There are three build configurations:
- Emulation-SW - Compiles to the x86 Simulator. Provides the quickest compiles and fastest validation cycles, but does not provide any implementation details.
- Emulation-AIE - Compiles to the AI Engine Simulator. A slower compile, but targets the AI Engine hardware, and provides implementation details.
- Hardware - Compiles to physical hardware. This is the most time-consuming build, and should be done once the design is verified and ready to be tested on hardware.
In this tutorial, you will be targeting Emulation of the AI Engine. There are two ways to select the build configuration:
- From the Explorer pane, double-click on the application project file to open it, in this case, dsplib_tutorial_part_1.prj. After it opens, you can select the build configuration on the upper right hand corner and select Emulation-AIE.
- Click on the arrow symbol besides the hammer to select the active build configuration and select Emulation-AIE. This selects the AI Engine emulation and also starts the compilation process.
After the build configuration is selected, you only need to click on the hammer symbol to (re)compile the project.
Building the project invokes the AI Engine compiler, which compiles the design, and maps it to the AI Engine tiles.
From the Assistant pane, expand the application (displib_tutorial_part_1), then expand the Emulation-AIE section, and double-click Compile Summary. Vitis Analyzer will now open. After it opens, it will display the Summary page, which provides a brief summary of the project.
Selecting Graph on the navigation bar shows a diagram of the filter implementation. It illustrates the data connectivity points into and out of the graph (128-bit interfaces), and the symmetrical FIR filter kernel being implemented on a single tile with ping-pong buffers on either side of it.
Selecting Array on the navigation bar shows the physical implementation of the design on the AI Engine array. Here you can see the PLIO interfaces in pink, the AI Engine tile that implements the kernel in blue, and the ping pong buffers in purple. Note the kernel is located in tile (18,0), which was specified in fir_filter.h
. Clicking on the components on the diagram will take you to the appropriate tab below which provides a description of the element. Conversely you can select the various element tabs (Kernels / PL / Buffers / Ports / Nets / Tiles) and click on a component to see where it is located on the array.
You can select the other entries on the navigation bar to see additional implementation details.

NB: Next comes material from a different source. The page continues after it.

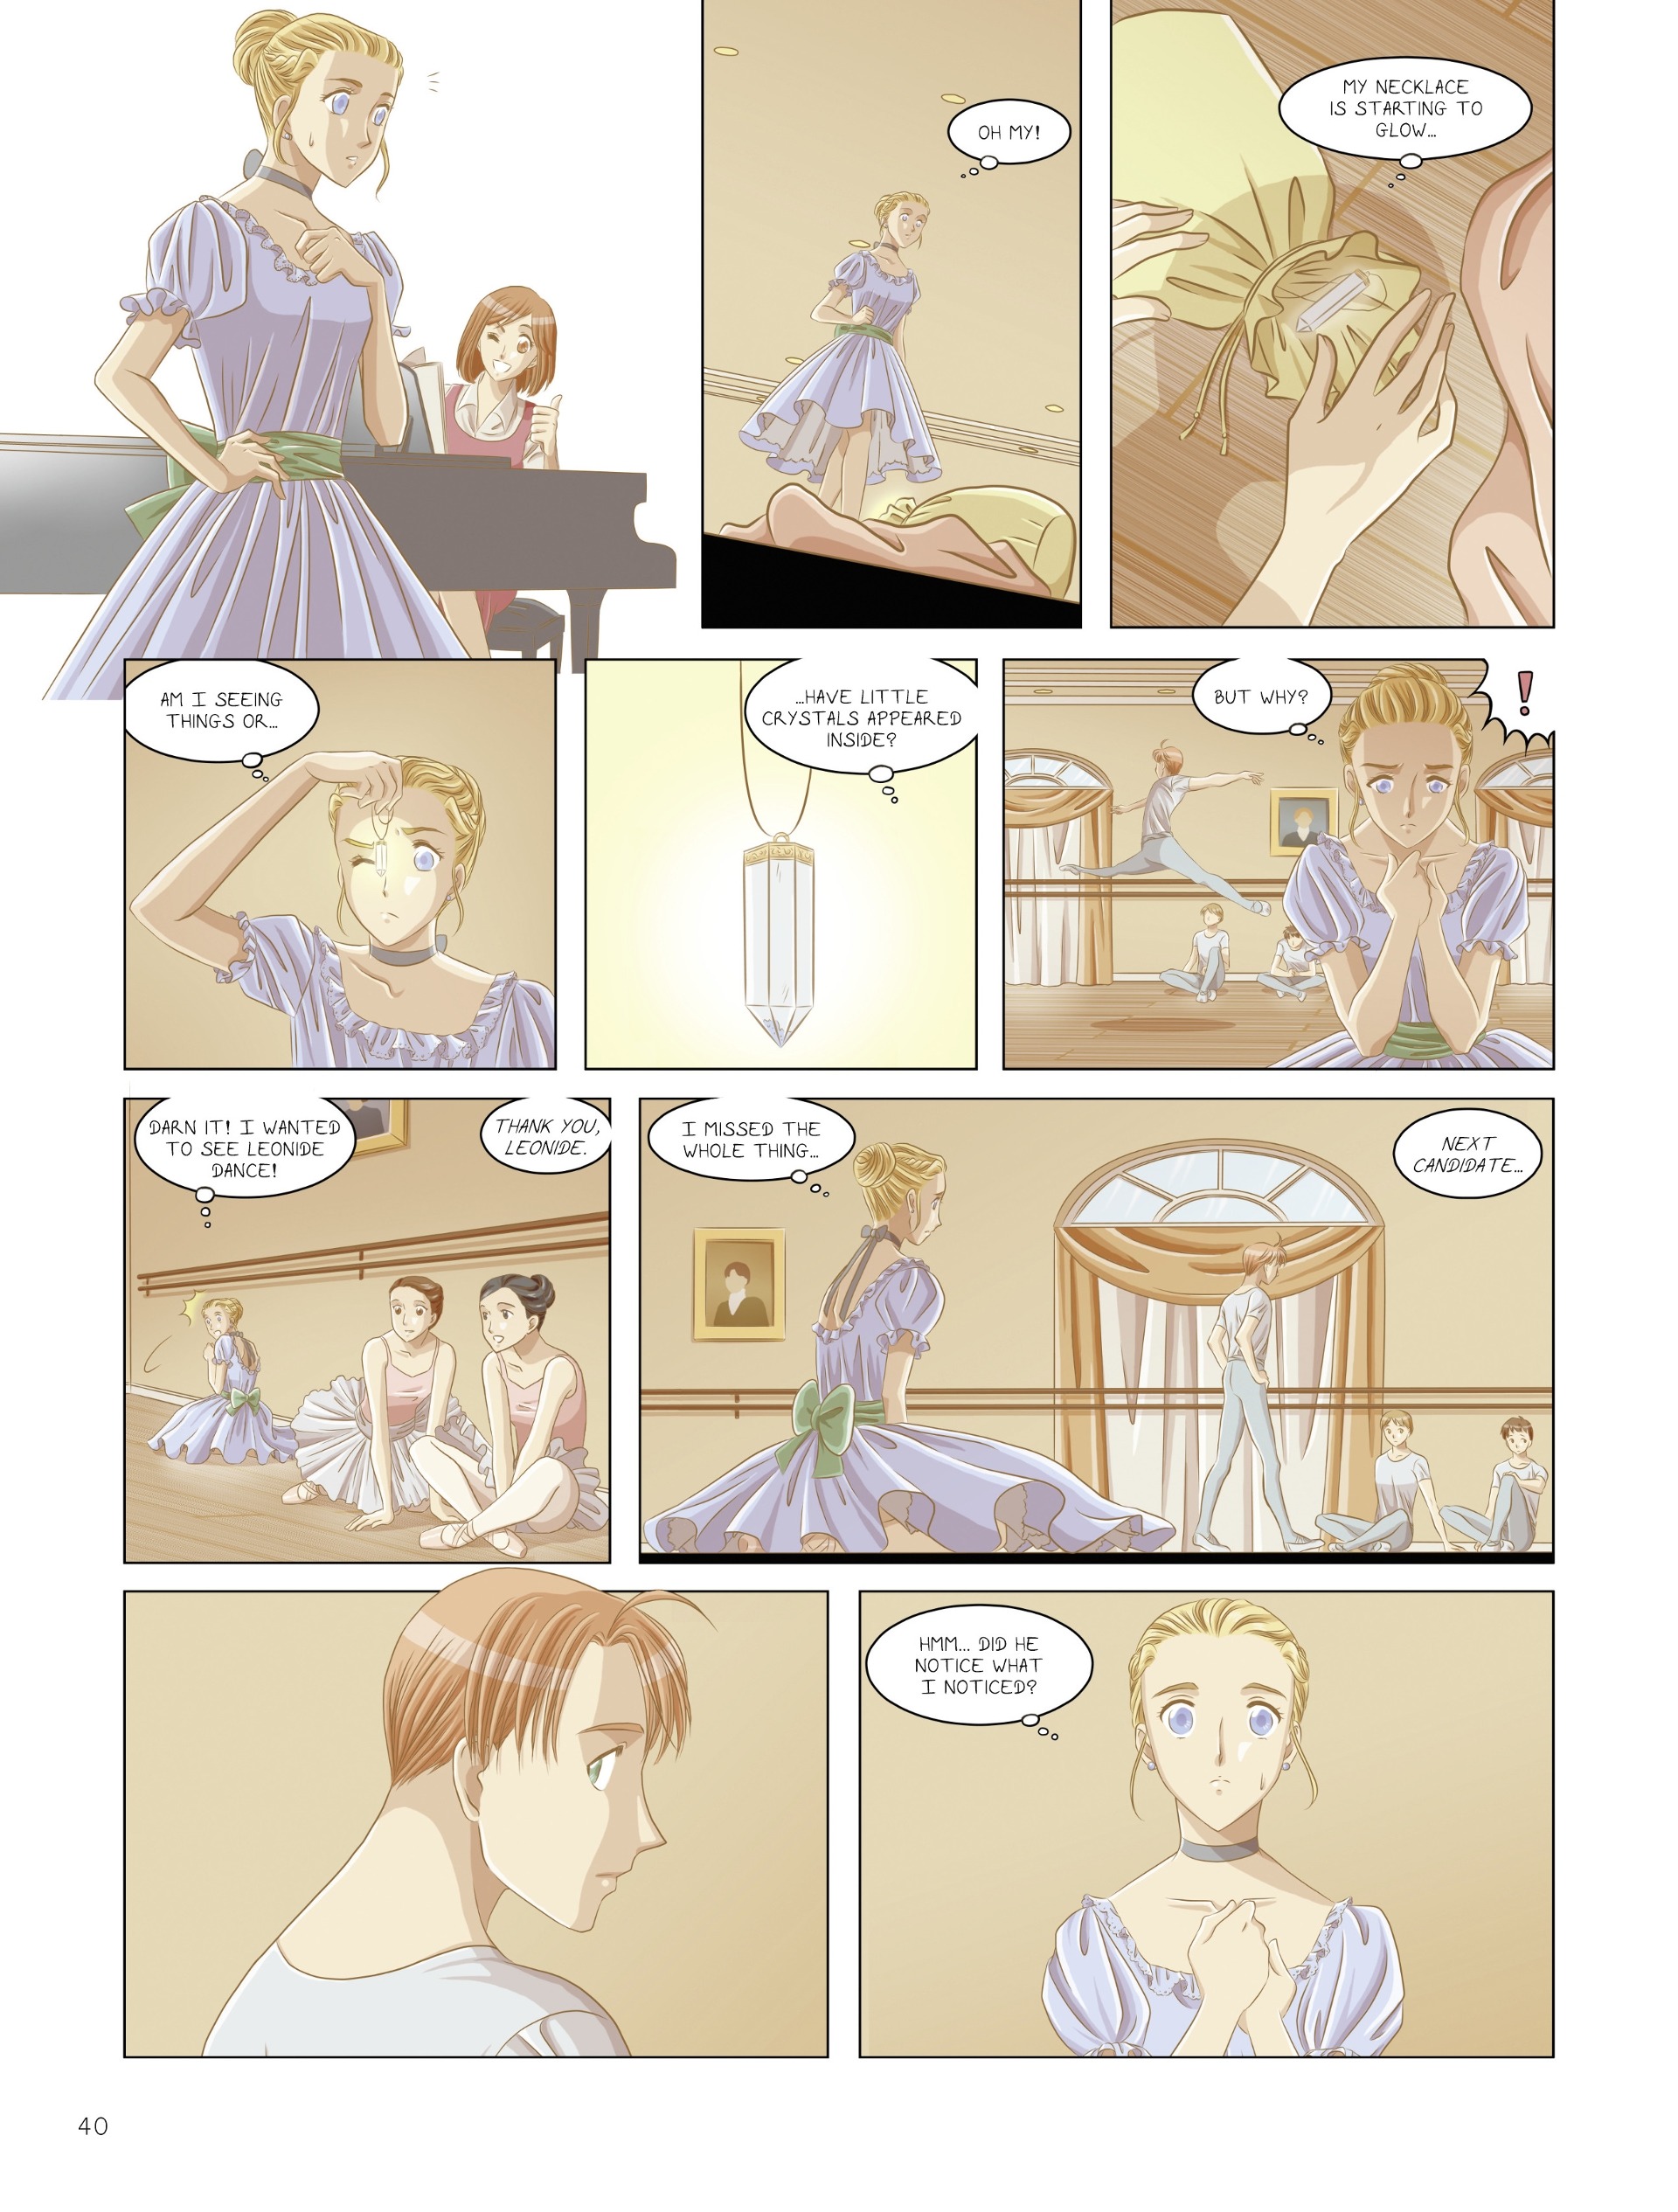 Read online Sleeping Beauty comic -  Issue #1 - 40

When you are done examining the design, click File -> Exit
-
In the Explorer pane, right-click on the application project dsplib_tutorial_part_1, and select Run As -> Run Configurations....
-
The Create, manage and run configurations window will appear. Click the Launch new configuration icon (the document with the plus sign).
-
Give the configuration a name, AI Engine Emulation Config.
-
Select the Main tab, check the Generate Trace checkbox, and select VCD. Click Run. The simulation will begin execution and the log appears on the Console pane below. Wait for the simulation to complete (the status bar on the lower right corner will disappear).
From the Assistant pane, expand the application displib_tutorial_part_1, then expand the Emulation-AIE section, and double-click Run Summary. Vitis Analyzer will now open. After it opens, it will display the Summary page, which provides a brief summary of the simulation.
Selecting Trace on the navigation bar shows the simulation trace. Here you can see kernel activity, the DMA transfer activity, locks for the ping-pong buffers, etc.
Part 2 of this tutorial will:
- demonstrate how to connect together filters to create a filter chain.
- show how to identify areas for optimization within the chain
For this part, you can create a new workspace and import the source files for part 2 as you did for part 1, or you can save some time and import the existing ZIP of the project provided. For Part 2, we will demonstrate the latter option.
-
Select File -> Switch Workspace -> Other..., click Browse..., then select the new folder icon, and give the new folder a name dsplib_tutorial_part_2. Click Open and then Launch.
-
Select File -> Import...
-
Select Vitis project exported zip file and click Next.
-
Navigate to <dsplib_tutorial_install>/part_2, select dsplib_tutorial_part_2.ide.zip, click Open, and then click Finish. The reconstituted project should then appear in the Explorer pane.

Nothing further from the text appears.